Table 5: Operational Conditions for the New PDS
6.5 Performance Criteria
The following performance criteria are defined to evaluate the new PDS against the technical specifications and functional sub-goals outlined above. These criteria will be directly assessed during the prototyping and testing phases of the project.
| Type | Performance Criterion | Target Value | Rational |
|---|---|---|---|
| Power Distribution Stability | Ability to maintain stable power supply under varying load conditions | Uninterrupted continuous power supply up to 20A, voltage ripple < 100mV | Ripple much smaller than the most voltage sensitive devices on PDS (operating range 10.0 - 13.5V at 12V input) |
| Power Switching Capability | Ability to response to power channel control signal (ON/OFF) from the vehicle’s control system | Correct switching behaviour; Response time < 1ms | Current configured response time of the power PLC to a power channel ON/OFF command |
| Power Monitoring Accuracy | Details in Section 8.3.3 | Details in Section 8.3.3 | |
| Power Protection Effectiveness | Ability to effectively protect the power lines from transient fault conditions; Ability to identify the type of fault (e.g., overcurrent, short circuit) | Correct fault type identification; Protection trigger time < 1ms | The trigger time of the physical fuses currently used in the system is around 1ms |
Table 6: Performance Criteria for Evaluating the New PDS and Their Rationals
7. System Overview
To fullfill the above mentioned technical specifications, the proposed new PDS consists of three main subsystems of PCBs: the Relay PCB system, the MCU PCB, and the Power Backplane PCB.

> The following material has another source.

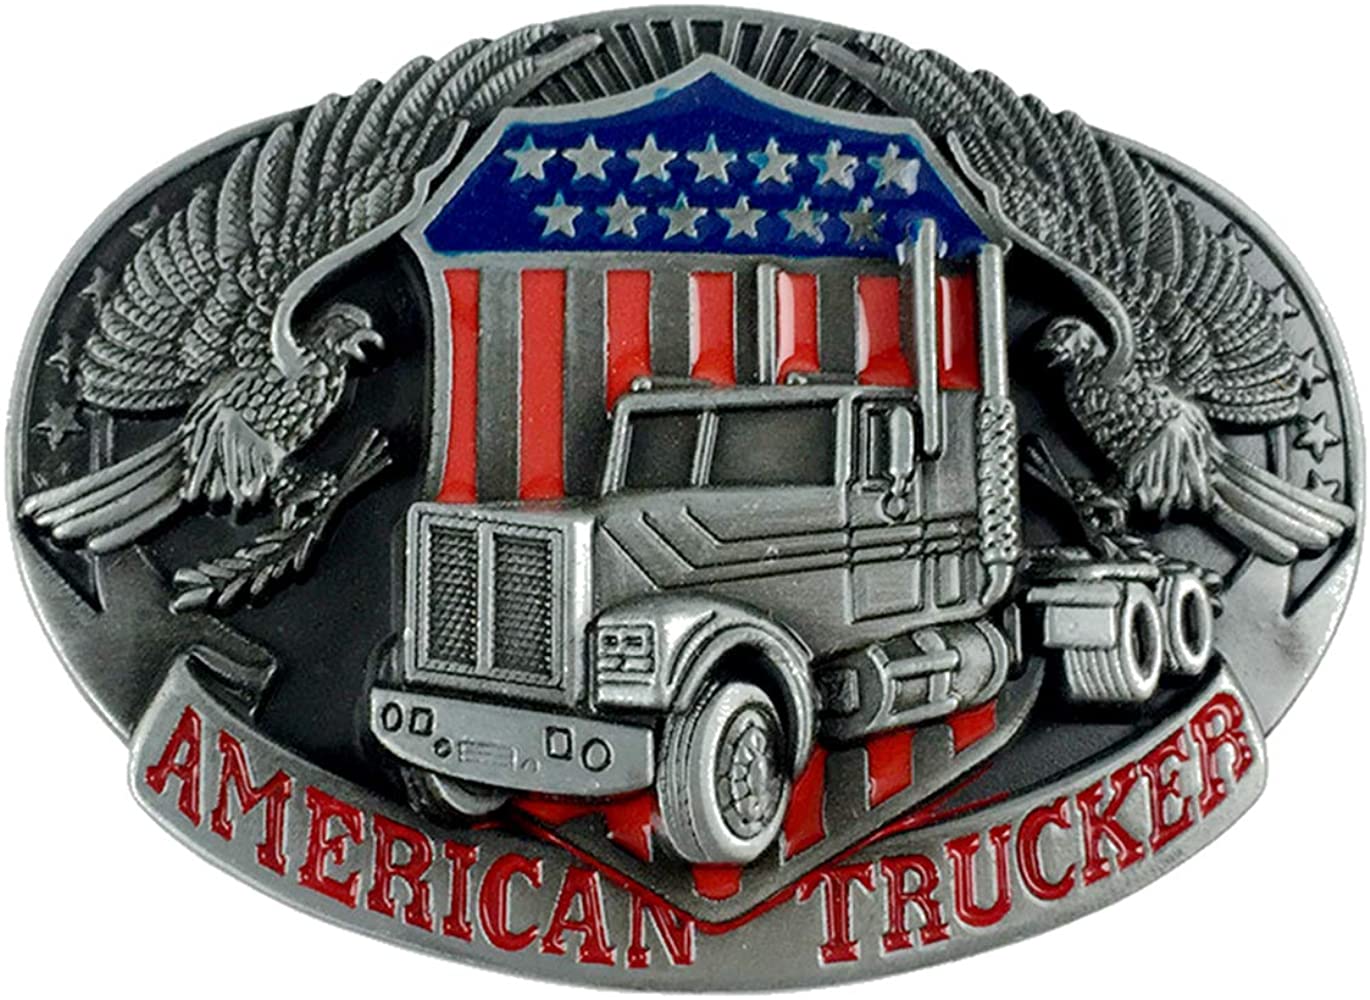 TBB003 American Trucker Belt Buckle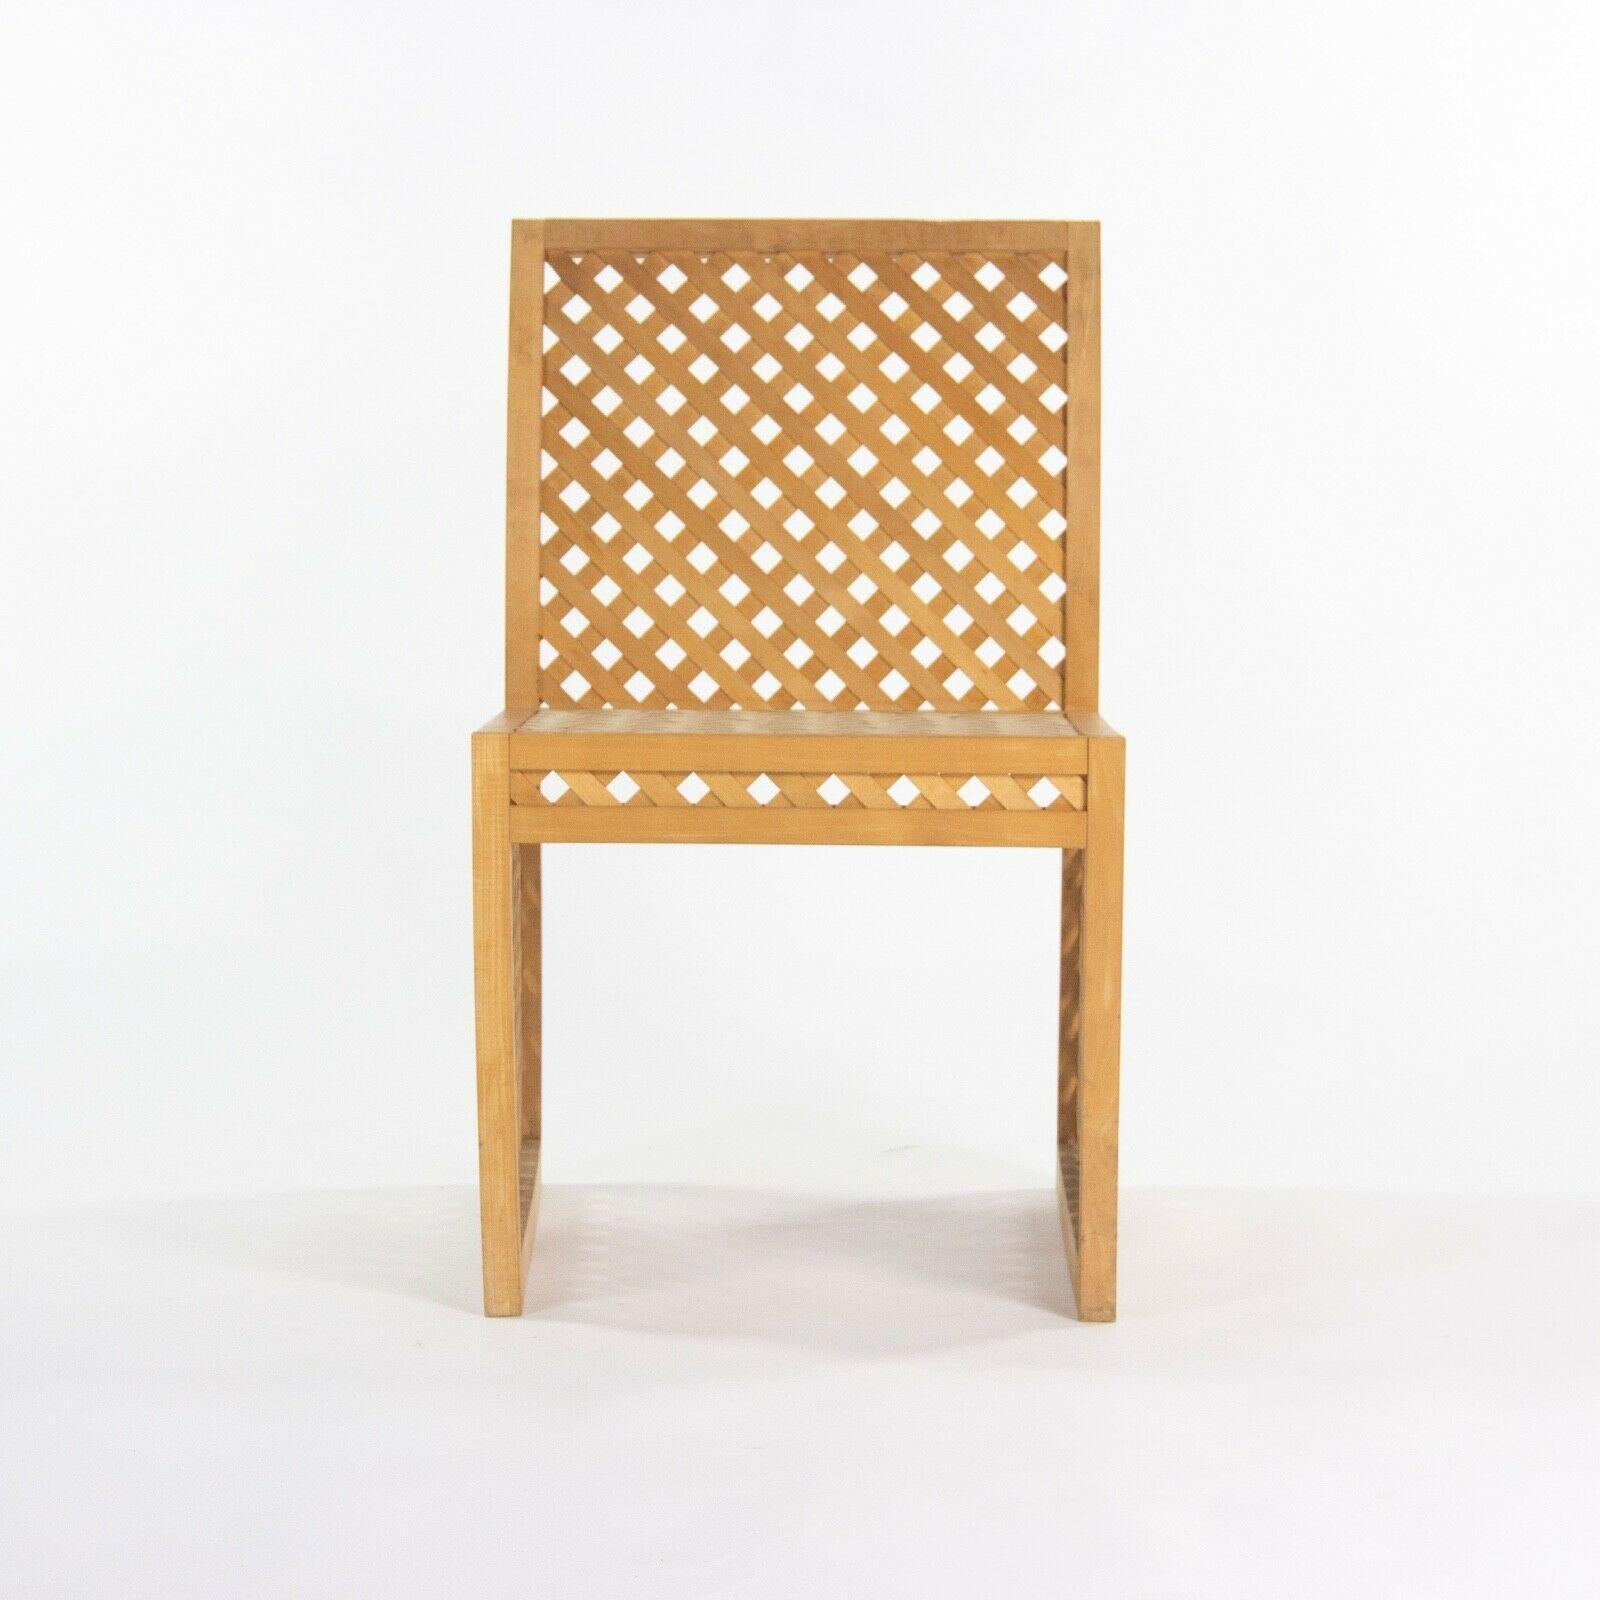 Nous proposons à la vente un prototype de chaise de salle à manger de la Collection Sultz en bois pour l'extérieur, datant d'environ 1985. Il s'agit d'un exemple merveilleux et rare. Le cadre est en très bon état avec quelques légères traces

Figure 3: Summarised System Architecture of the developed PDS
The following sections provide a detailed description of each subsystem, beginning with the Relay PCB system, which forms the backbone of the proposed PDS.
8. Relay PCB System
The Relay PCB system consists of 26 individual relay PCBs, each controls and monitors a single DC power channel. The design of this system supports the three key functionalities outlined in Section 6.3
8.1. Power Switching
One important functionality of the Relay PCB is to provide compact and robust power switching control for all power channels. This is achieved through two main improvements: Moving from PLC and Relay Module to Relay PCB Backplane & Modifying the Existing Power Switching Logic.
8.1.1 Moving Towards PCBs
As mentioned in Section 2.2, the current PDS used in ST Engineering USVs relies on a combination of PLCs and multiple SSR modules for power switching. This approach is also common across many conventional USVs in the maritime industry. In this project, an alternative approach using an MCU and Relay PCB backplane system was explored to overcome the size constraint of this traditional designs.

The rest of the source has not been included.